[Task directions]
Exclude the pictures and set down, unaltered, the lines from the one that holds "Ray Hunt Design 72' Aft Cabin Motor Yacht" through the end of the data.

+++ Material provided

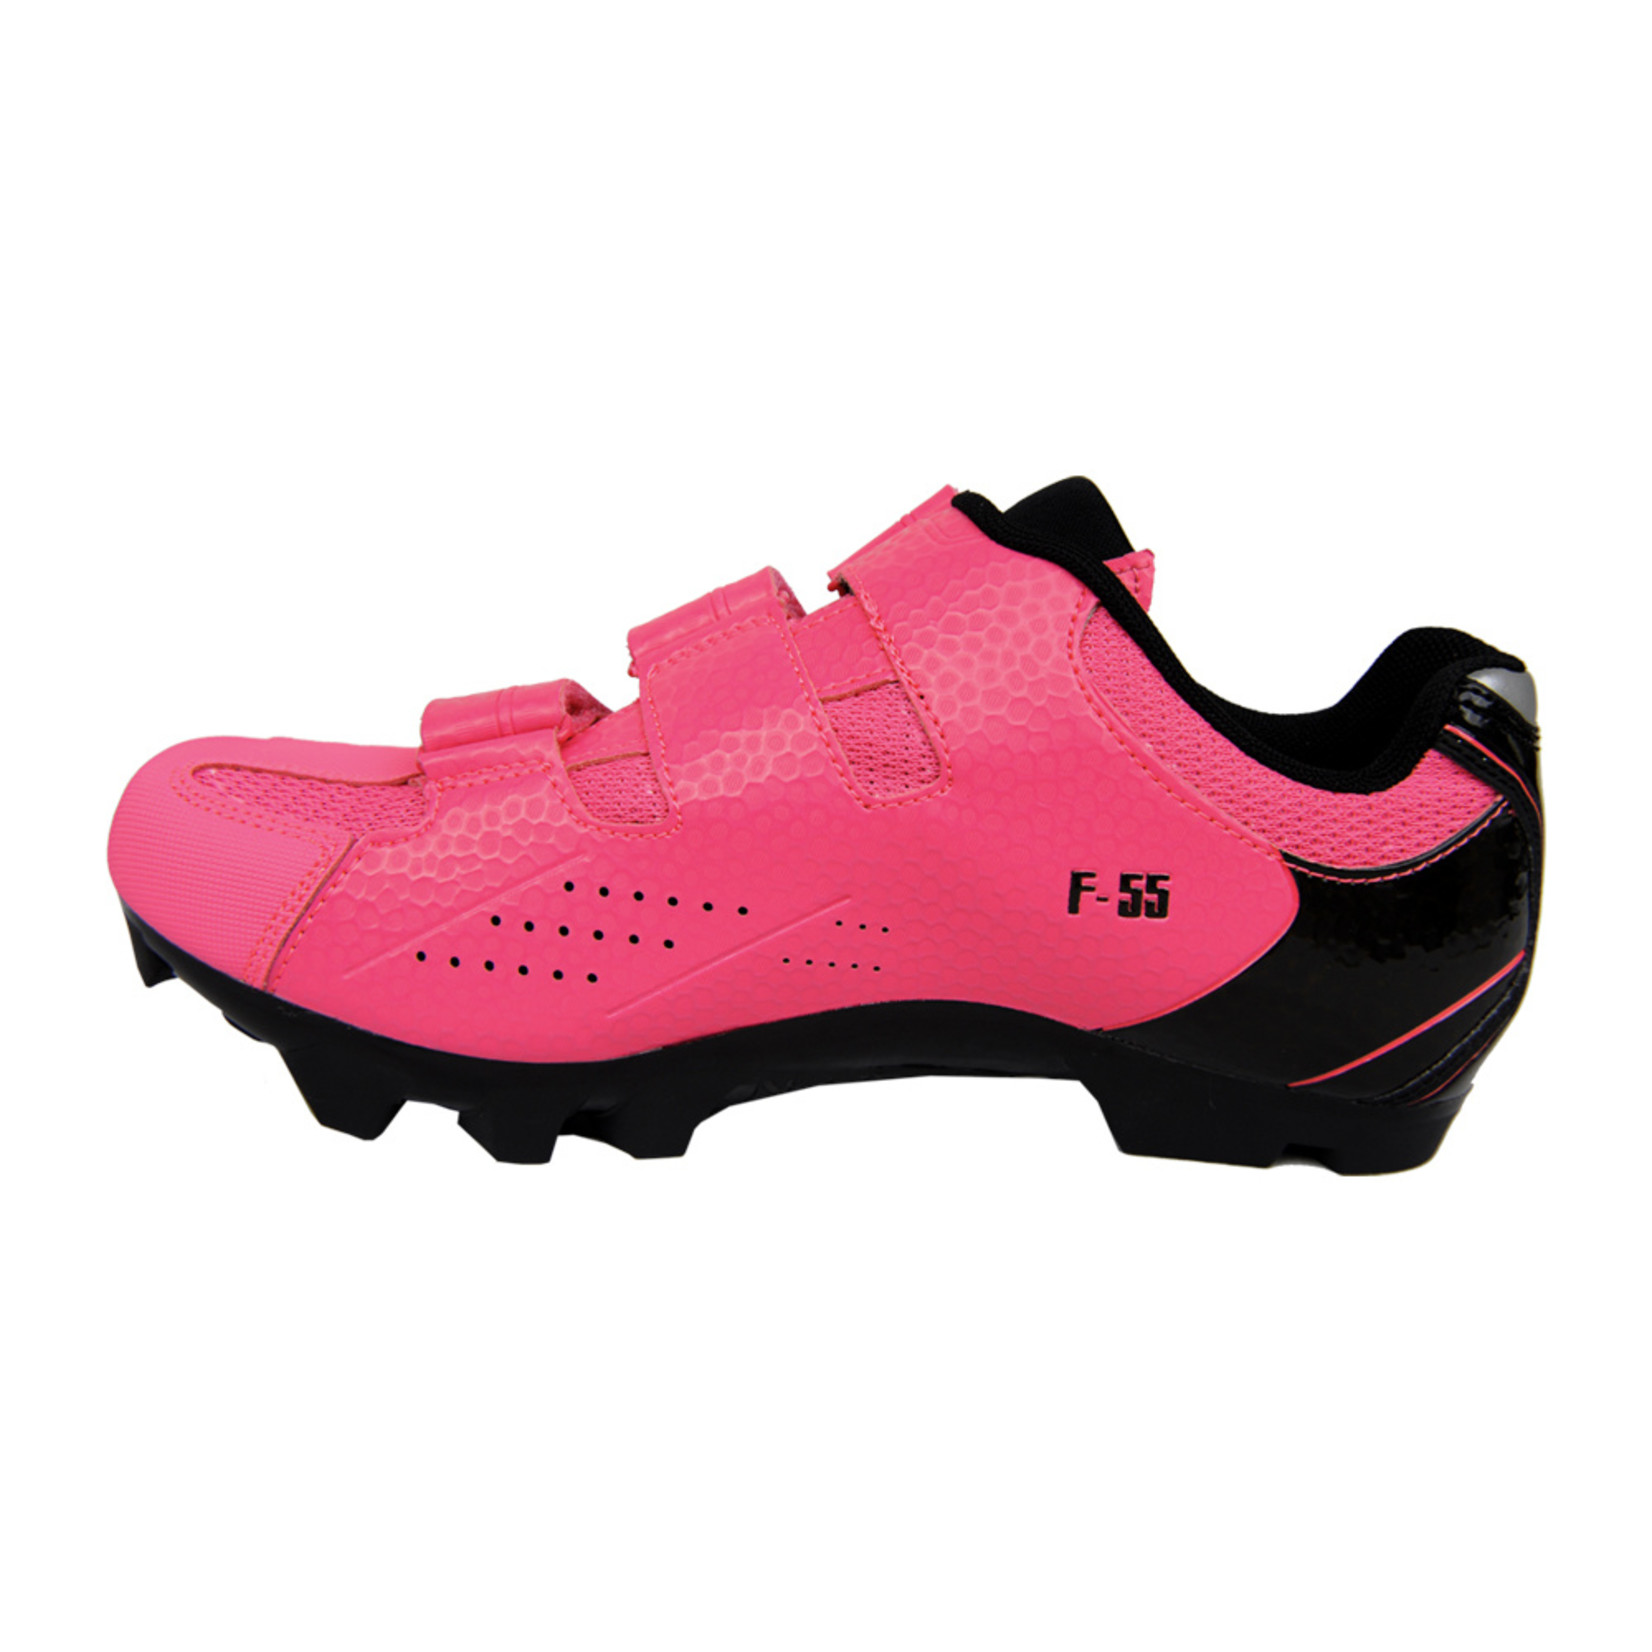 FLR FLR MTB Shoes - M250 Outsole - Laces - F-55-III - Size 42 - Black - Pink
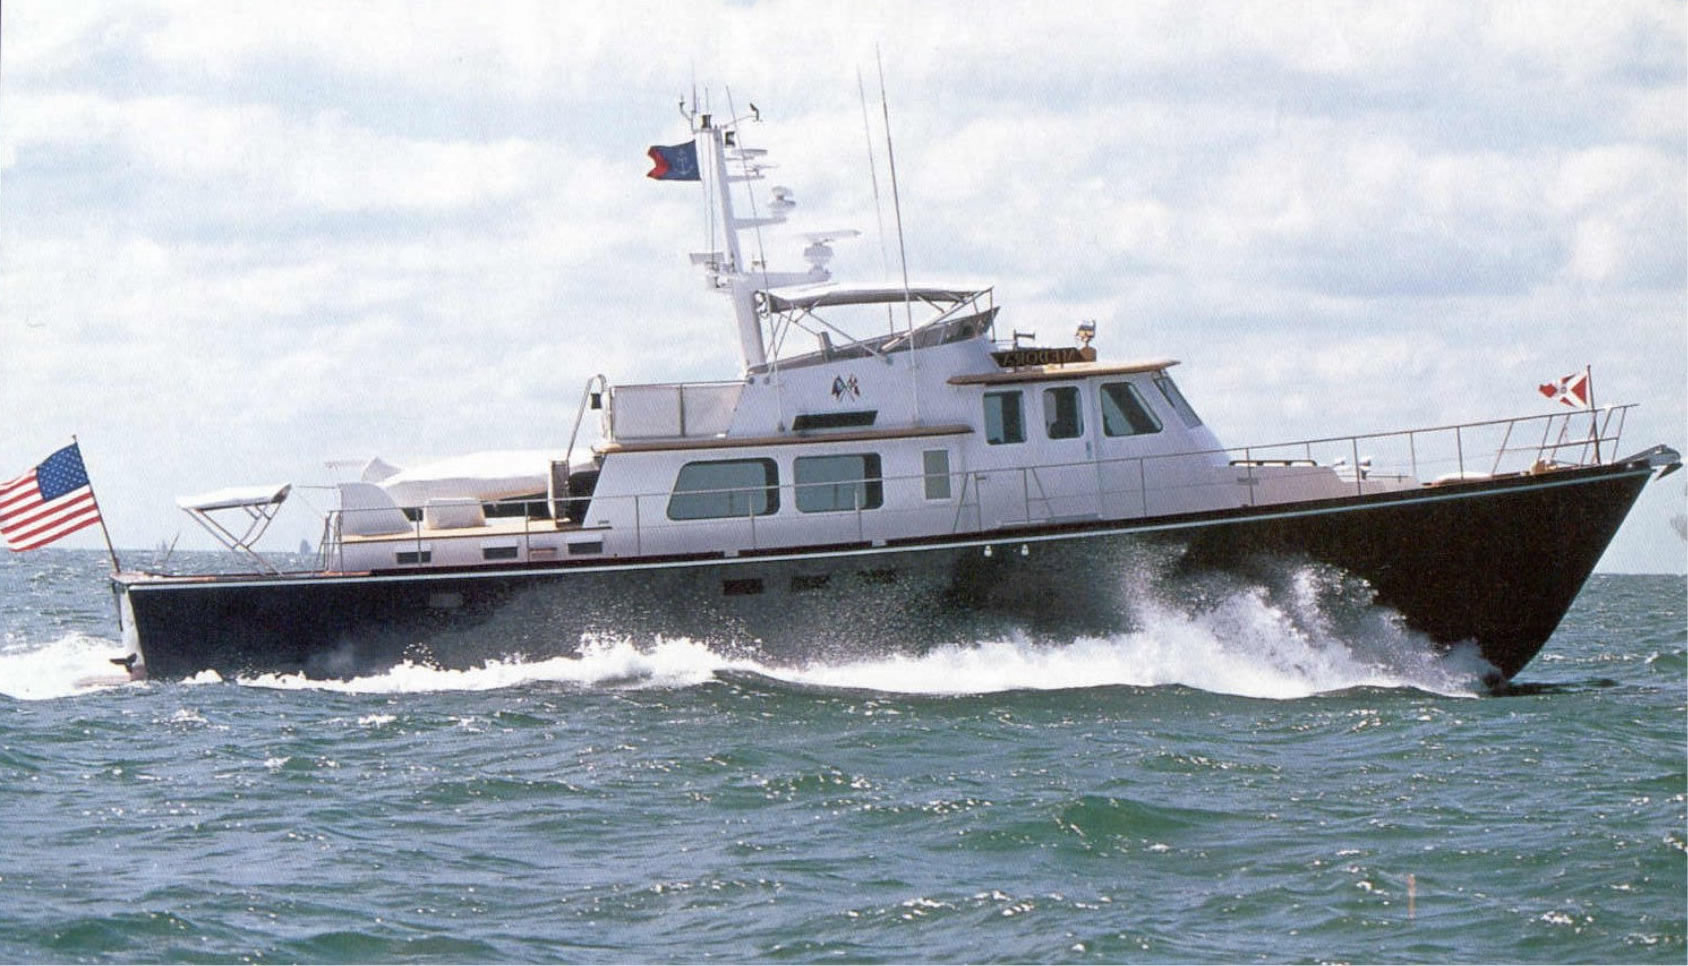 Ray Hunt Design 72' Aft Cabin Motor Yacht
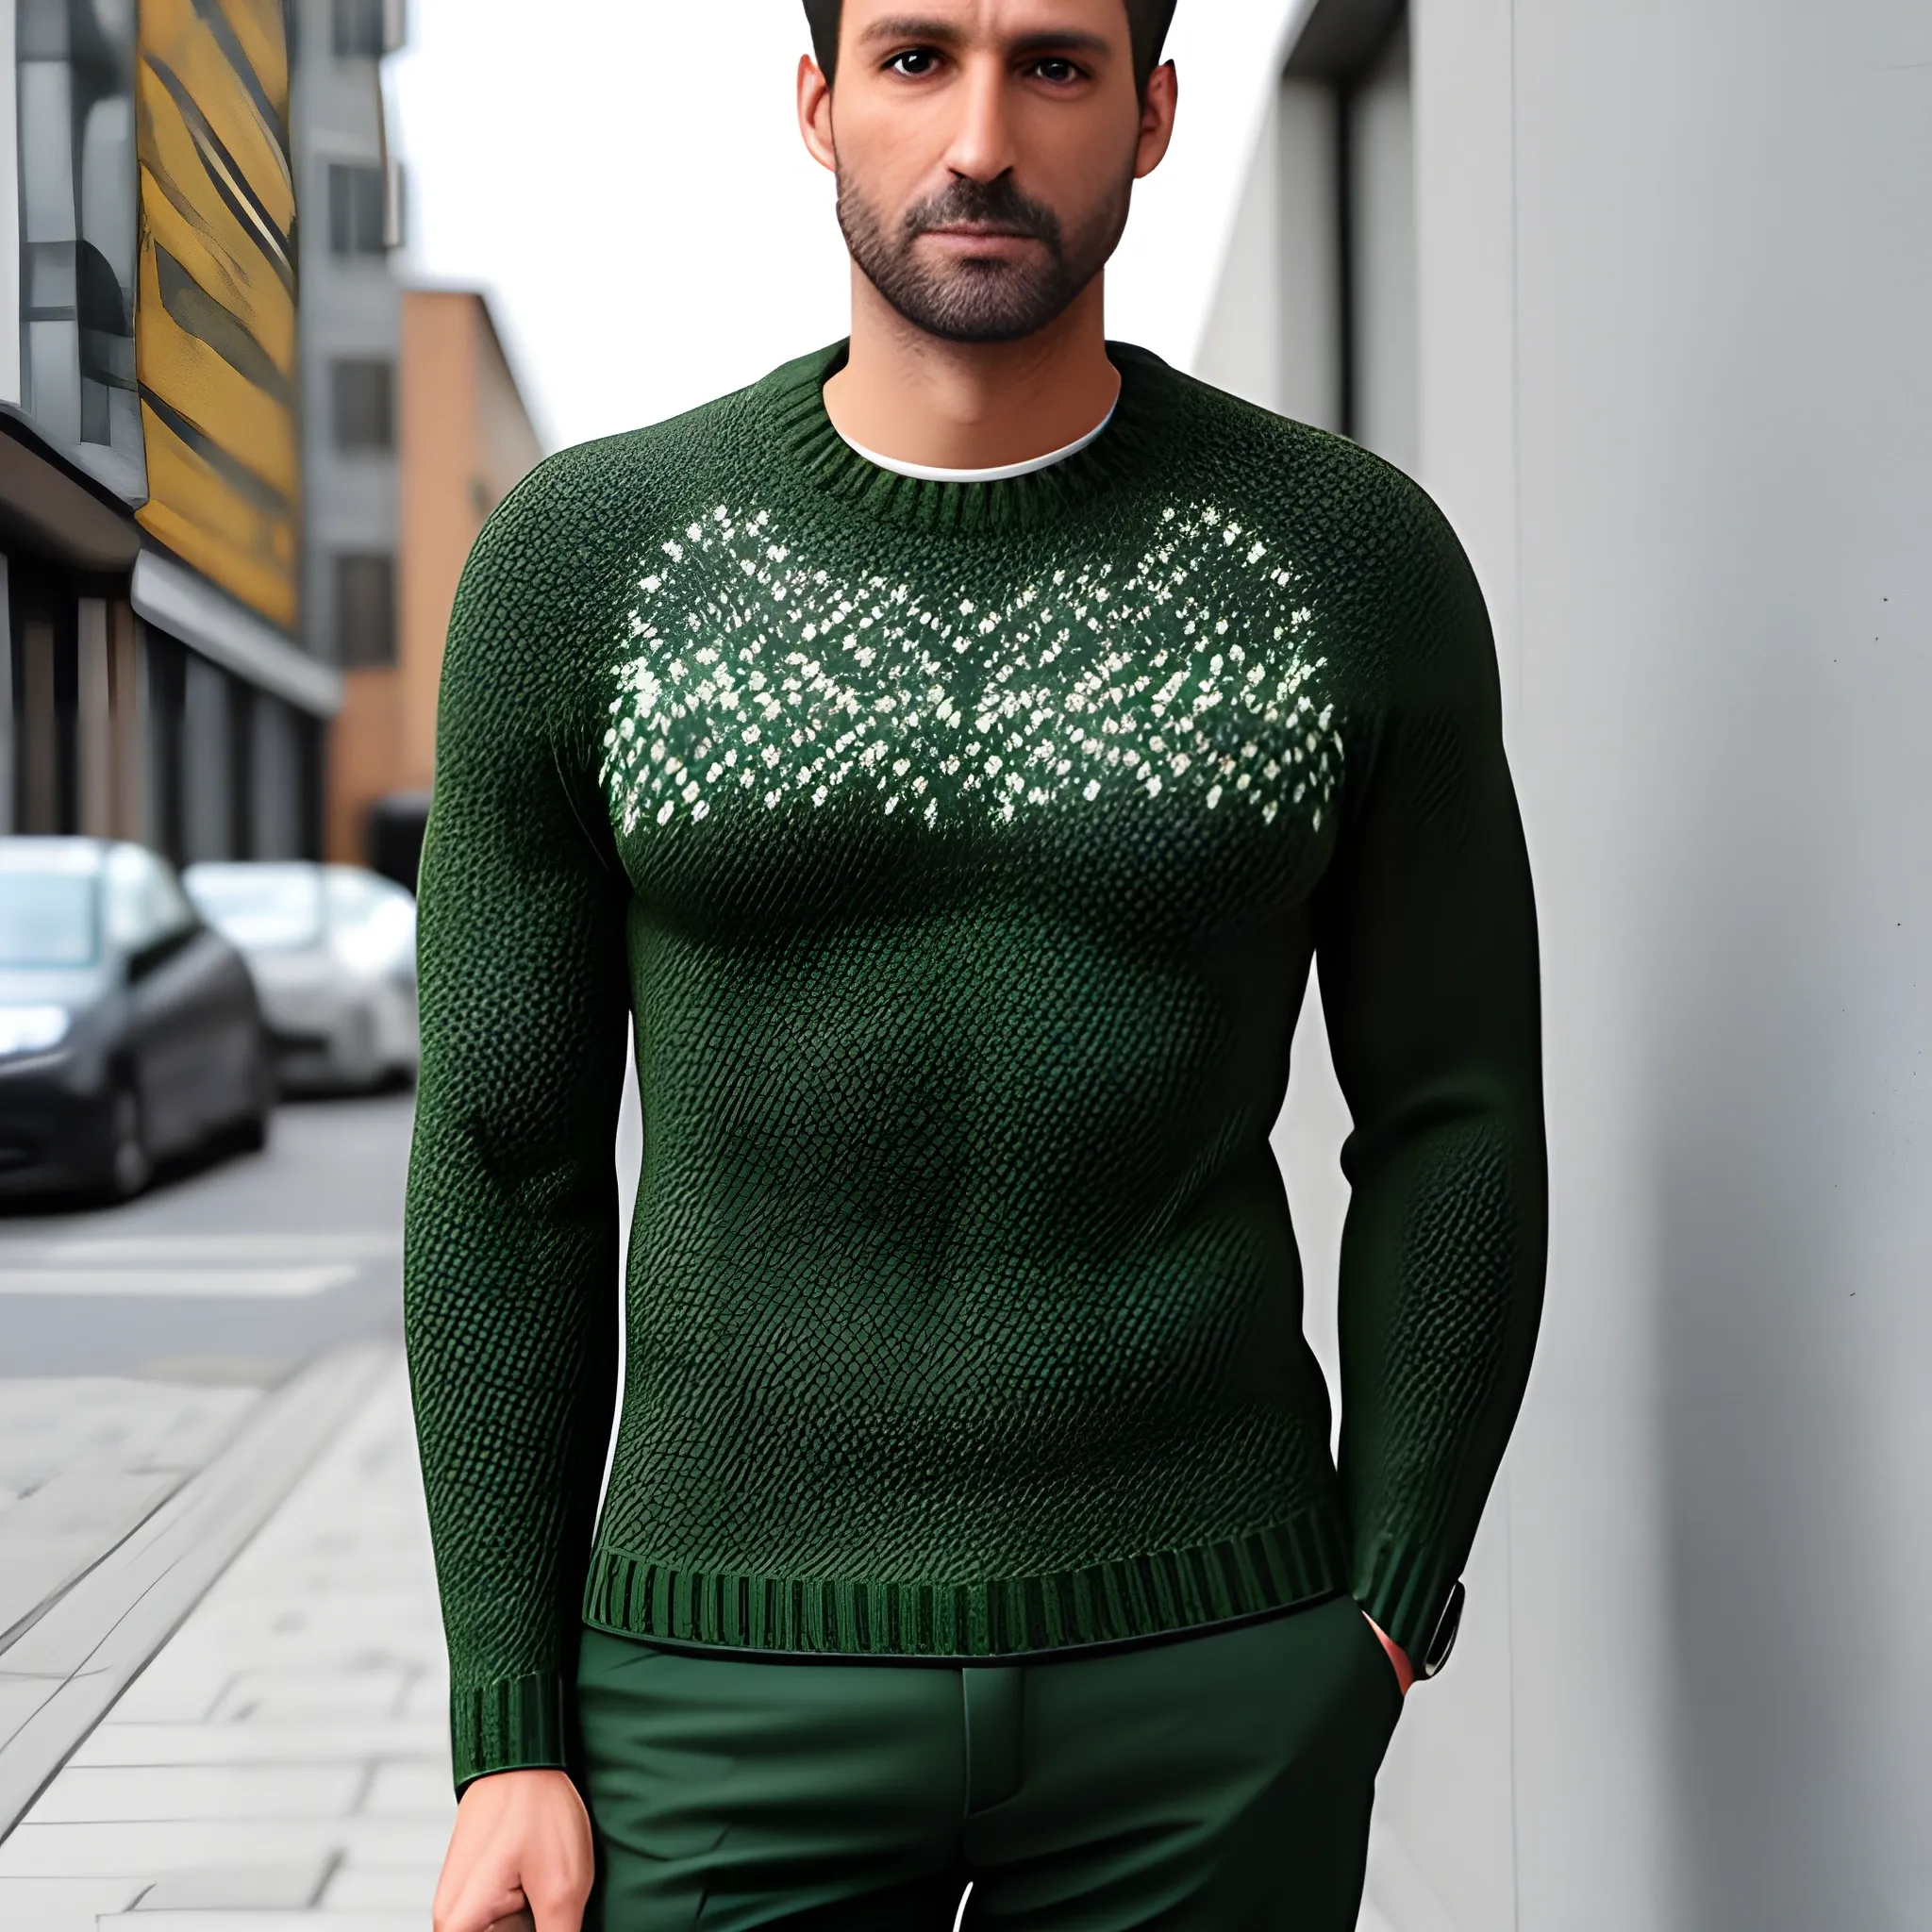 child in green knit sweater standing on sidewalk

++++++

[Answer box]
 Ray Hunt Design 72' Aft Cabin Motor Yacht
 child in green knit sweater standing on sidewalk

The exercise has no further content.